Welland argues that the fees are excessive. He does not direct the court to a single time entry or task that he considers unnecessary or unreasonable, nor does he challenge the reasonableness of the Foley attorneys' hourly rates, however. Instead, Welland points to the total amounts of the attorney's fees billed each month, and claims that the attorney's fees will "unnecessarily and unjustly deplete the remaining assets of the receivership, including the assets held to pay secured creditors such as Welland." ( E.g., Welland Objection to Second Fee Mot. at 3.) To support his contention, Welland calls attention to the hours one of the attorneys, Ms. Brown, devotes to the case each month. But despite Welland's suggestion to the contrary, the fact that Ms. Brown may spend a large percentage of her time working on issues relating to the receivership does not establish that the fees are excessive. As the Receiver explained in its Fee Motions, in an effort to eliminate duplication of effort, Foley gave primary responsibility for the case to Ms.
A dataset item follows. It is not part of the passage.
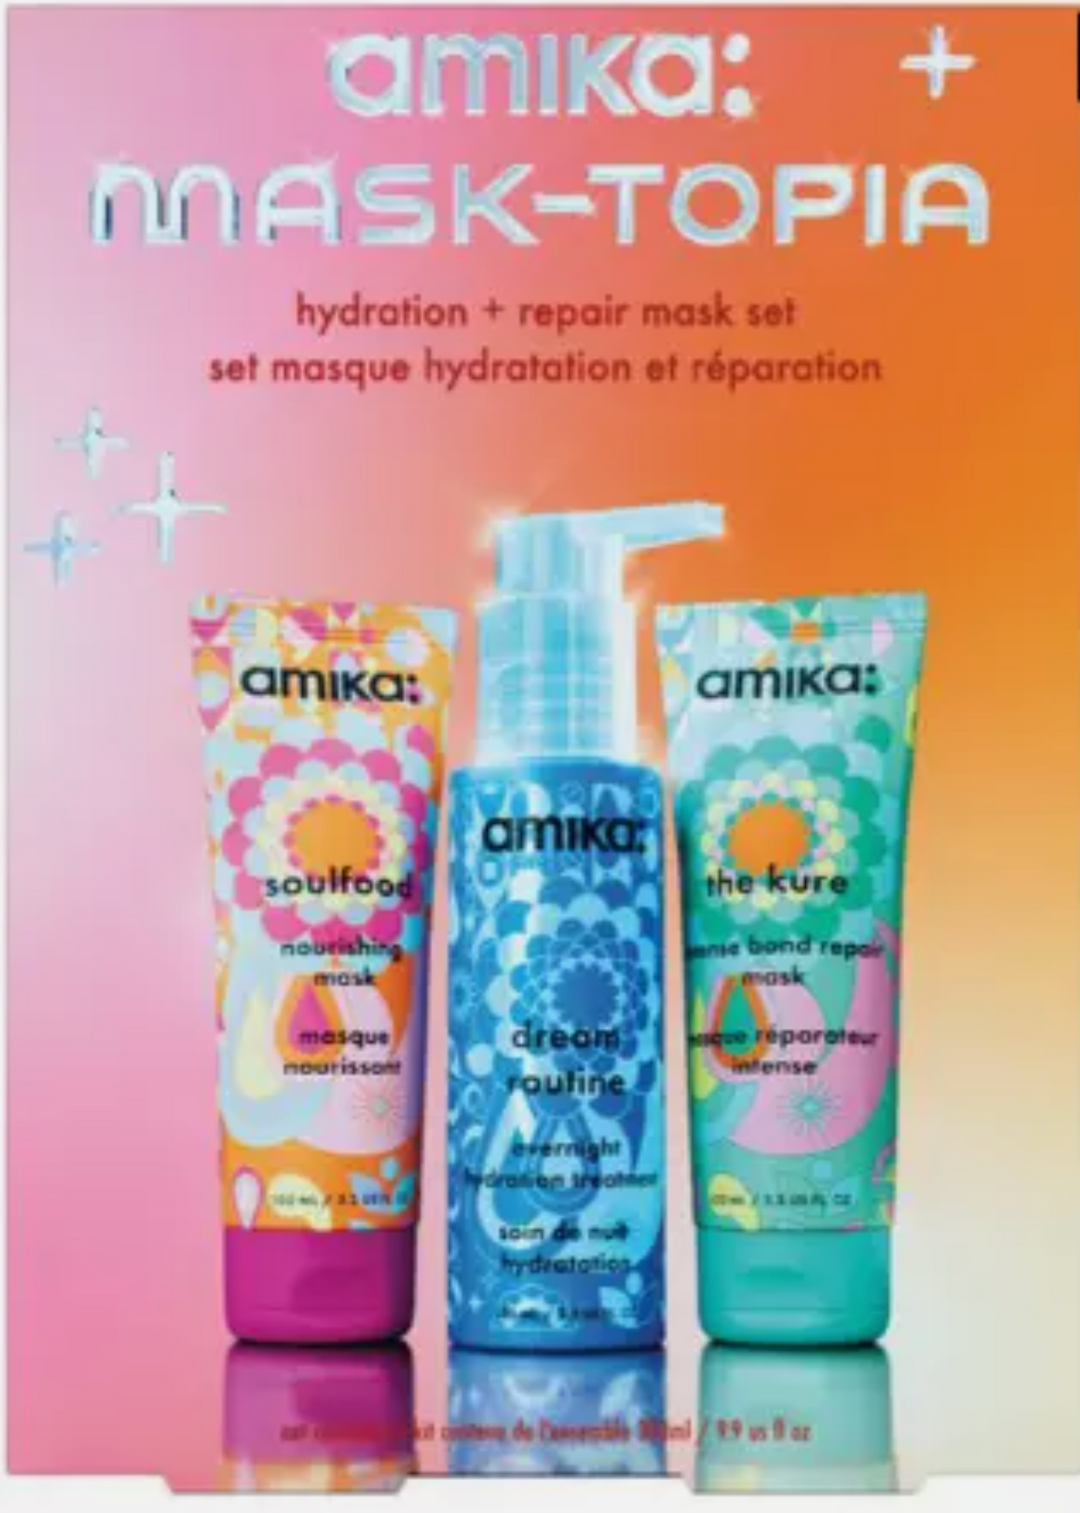 amika Mask-Topia Hydration + Repair Hair Mask Set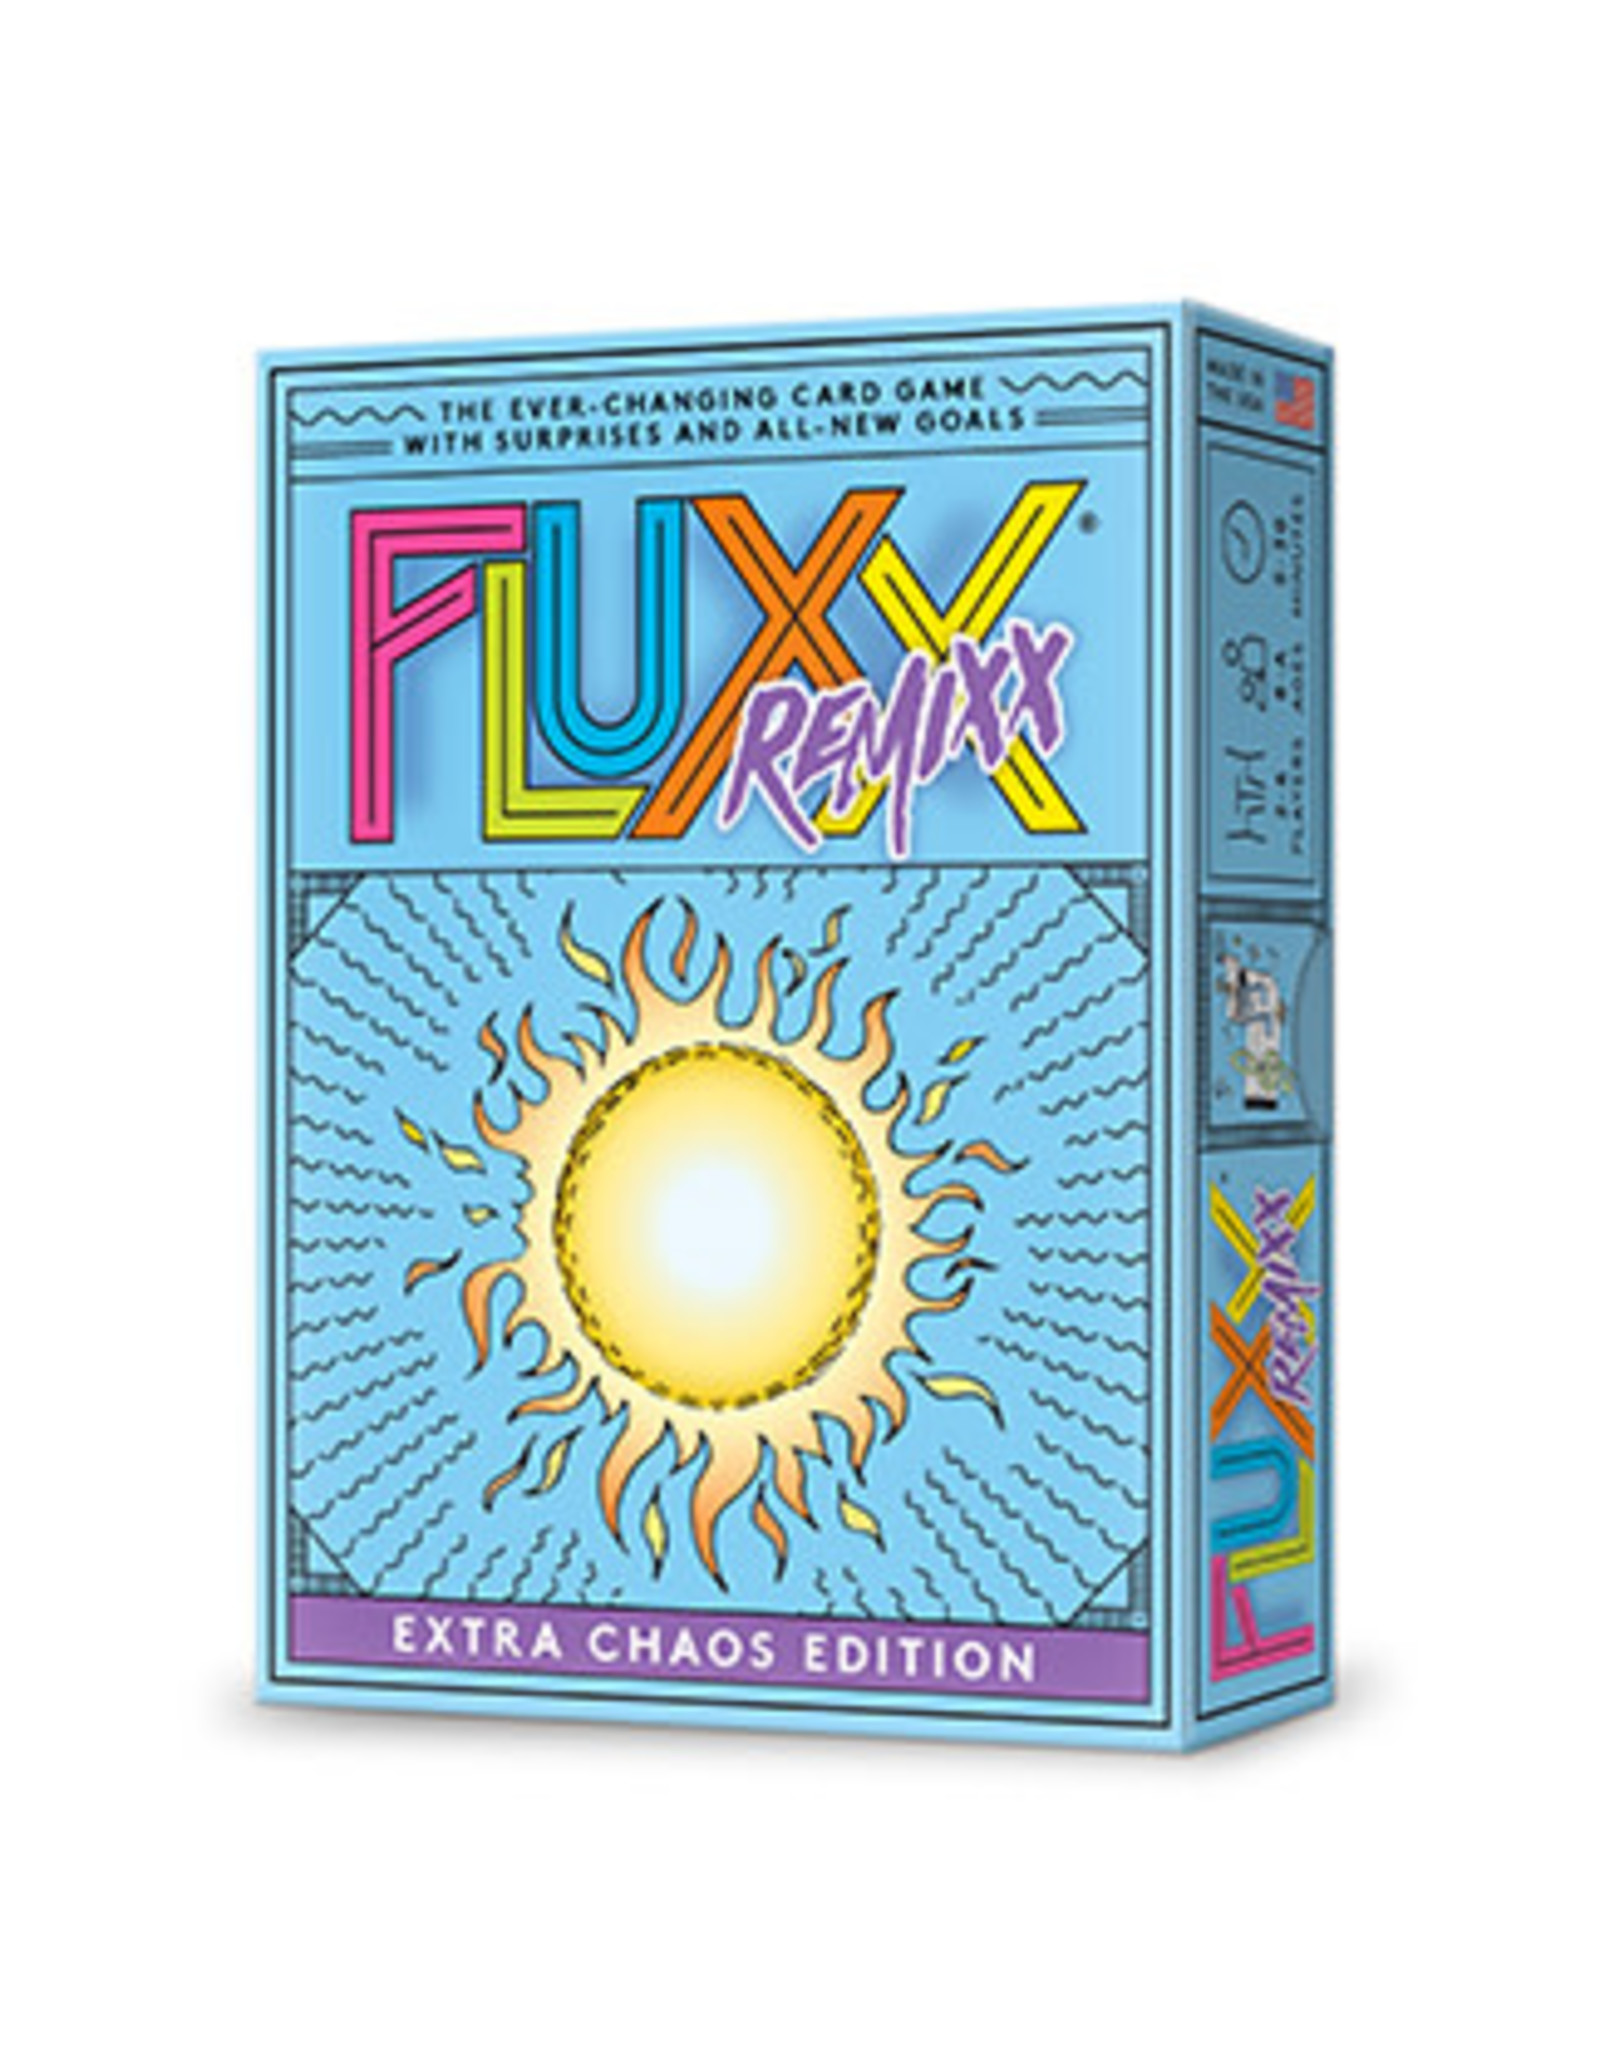 Looney Labs Fluxx Remixx

Brown, staffing other attorneys on an as-needed basis. The court has no problem with Ms. Brown's hours.

As noted earlier, the district court ordered Welland to comply with Local Rule 54.3 if he intended to pursue his objections. Among other things, Local Rule 54.3 requires a party opposing an application for attorney's fees to disclose the total amount of attorney's fees the objector has expended, to disclose counsel's time and work records, the applicable billable rates, evidence of litigation related expenses, etc. N.D. Ill. L.R. 54.3. Local Rule 54.3 further requires the parties to provide a joint statement setting forth the total amount of fees the moving party seek, the total amount of fees/expenses the respondent deems appropriate, and to specifically describe the specific disputes remaining. Id. Welland, however, chose not to obey the district court's order, explaining to the Receiver that Local Rule 54.3 does not apply to Welland, because Welland is not the party from whom the movant seeks payment, and thus is not the "respondent" as defined by Local Rule 54.3. Although Welland's objections may not technically fall within the scope of Local Rule 54.3, the district court nevertheless directed Welland to comply with Local Rule 54.3 — an order clearly within the district court's discretion. If Welland had a problem with that order, he should have asked the district court to reconsider, rather than unilaterally deciding not to comply. By refusing to disclose his attorney's fees and expenses, billable rates, etc., Welland not only disobeyed the district court's order, he also failed to provide any reference point from which the court could conclude that Foley's billable rates or hours are too high.

See docket entry 121.

Welland also contends that the fees are excessive because they are disproportionate to the benefit bestowed on the receivership. Welland offers no factual basis for this argument, however, and relies on inapplicable case law. Welland, for example, points out that "`in ordinary federal receivership cases, creditors or shareholders and their attorneys may receive compensation in the discretion of the trial judge where they benefit the receivership estate.'" Exchange Nat'l Bank-Colo. v. Hendrickson, No. IP-83-1821-C-B, 1996 U.S. Dist. Lexis 15623, *14 (S.D. Ind. Sept. 24, 1996) (quoting S.E.C. v. First Sec. Co. of Chicago, 528 F.2d 449, 451 (7th Cir. 1976)). But that point has no bearing on the issue presented here: the Receiver is not seeking fees for work done by creditors, shareholders, or their attorneys — the Receiver is seeking compensation for its attorneys. And in any event, the facts before the court demonstrate that the work done by Receiver and its counsel has benefitted the Receivership Estate substantially. ( See Section II.A.) Welland's objections are, quite simply, misplaced.

In its response to Welland's objections to the Second and Third Fee Motions, the Receiver distinguished each of the cases cited by Welland. Notably, in further briefing, Welland again cited those same cases, without bothering to address any of the distinctions made by the Receiver.

The court finds it unnecessary to specifically address each of Welland's arguments regarding the excessiveness of the fees, but here are some other examples. The Receiver and its counsel obtained a premium price for the sale of the debt portfolio, bringing in $2.8 million more than was expected. Welland, however, notes that the $2.5 billion debt portfolio was sold for $7.1 million. If Welland meant to imply that the Receiver and its counsel did not obtain a premium price for the debt portfolio, then Welland misunderstands the nature of charged-off consumer debt. The face value of the debt (which was $1.7 billion, not $2.5 billion, according to the Receiver) is not the amount that reasonably can be expected to be collected. If it were, the original creditor would have had no reason to charge the debt off. Charged-off consumer debt is typically collected at a small fraction of its face value, if it is even collectable. On the record before the court, it is undisputed that the Receiver and its counsel conceived of and implemented a marketing strategy for selling the debt portfolio in a public auction, which brought $2.8 million more to the Receivership Estate than a private sale was expected to yield.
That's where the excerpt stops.